I used to think that I could just try and figure out “what I really want.”  And there is a lot of pressure from well meaning people to simply, “do what makes you happy!” But I find that our bodies and the way that culture sees them is much more convoluted and nuanced than that.  Let’s say what “makes you happy” is a full face of makeup.  You just love it!  You love how it makes you feel and the look that it gives you.  It feels like a creative outlet and a “different” look.  Not better, just different.  Awesome!  I hear you.  I feel that way too.  But I also acknowledge that it makes me happy because I am now more conformed to beauty’s “ideal” and so I feel like I now belong.  I am showing up more “correct” than I was before. I fit in.   This is sobering to me. 

What would really, actually make me happy is to not feel the pressure from culture to do anything in particular to my body and simply walk around all day in the same comfy sweatpants and t shirt.  I’d like to never wear makeup and everyone is on this same page and zero people including me don’t give a fuck or ask me if I’m “tired” because I didn’t conceal my under-eye circles. 

Spending zero time on harm reduction strategies so I could spend 100% of my time feeling love and helping others and fostering relationships and making money and having fun and creating orgasms and taking my dogs for walks would actually make me very, very happy. 

But, the culture of beauty standards still exists, and experts seem to agree that we will always have some sort of standard.  And that means we will have to continue to fight it.  That is going to look different for every single person and it will not always be what makes you happy.

When I stepped away from diet culture, and decided to fight my own fatphobia in the mirror every day, it did not make me happy.  When I decide to go out without makeup and somebody says, “You look tired.” I do not feel happy.  When I grew out my grey hair for a year I felt self conscious every time somebody looked at my roots, I did not feel happy.

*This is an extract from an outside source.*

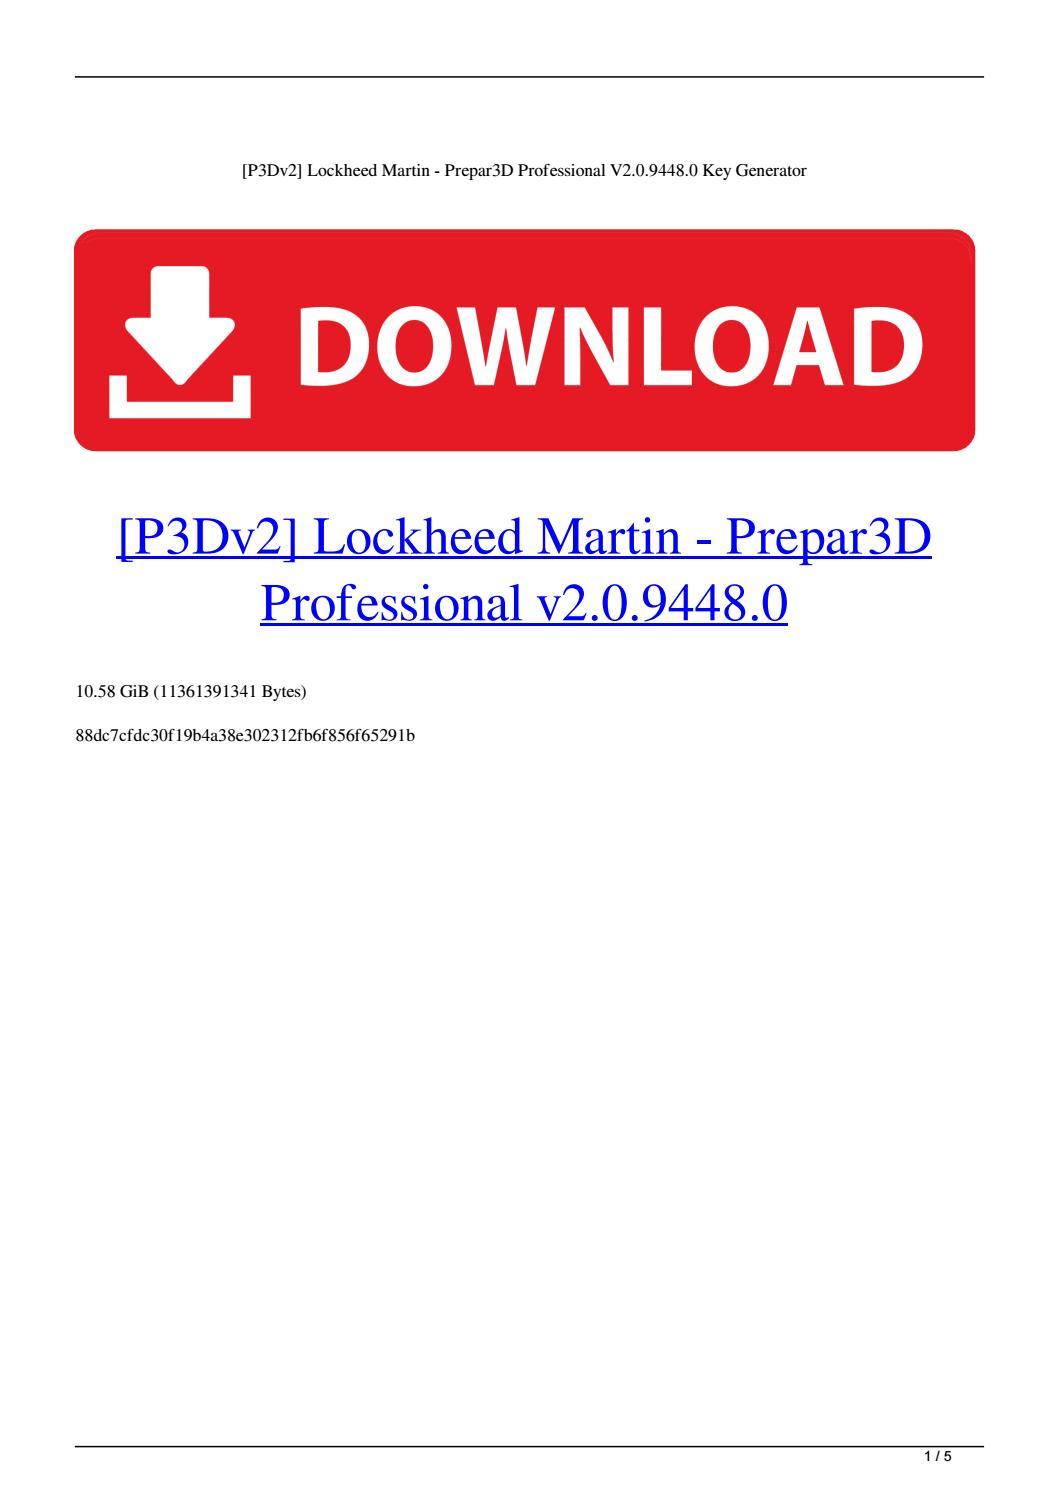 P3Dv2] Lockheed Martin - Prepar3D Professional V2 0 9448 0

Also, spending $150 on getting eyelash extensions doesn’t make me happy.  Putting on an uncomfortable push up bra doesn’t make me happy.  Blow drying my hair in Texas summer doesn’t make me happy. 

But it reduces the harm from patriarchy I feel when I look in the mirror.  It reduces the harm I have to feel when I don’t conform to beauty standards.  It reduces the embarrassment and shame of my unconventionally beautiful self.  It helps me cope.  It doesn’t make me happy… but I do feel more safe. 

Harm reduction strategies often give me more focus for the fight. When I conform to beauty standards for a work presentation, I feel more focused on the content I’m presenting versus the discomfort of wondering if the audience is distracted by my short eyelashes and greasy hair.  I can give a stronger more focused presentation on helping women embrace their sexuality and their vulvas, their pleasure and their arousal.   These women go home and strike up better conversations with their lovers and their friends about sex.  And the sex education we have discussed gives them more confidence to explore their own body, to know how to find pleasure.  And finding their own pleasure from their vulva empowers them to seek more pleasure in their life.  They embrace themselves more fully, ask for what they need in and outside of the bedroom.  And getting their needs met helps them laugh more heartily with their partners and find softness with their children and grow more confident in their own skin and run for office and ask for promotions and burst glass ceilings.

And that is the story of how getting lash extensions and washing my hair help smash the patriarchy. 

So, what’s your beauty routine?  Or in other words, what harm reduction strategies do you have in place to help smash the patriarchy?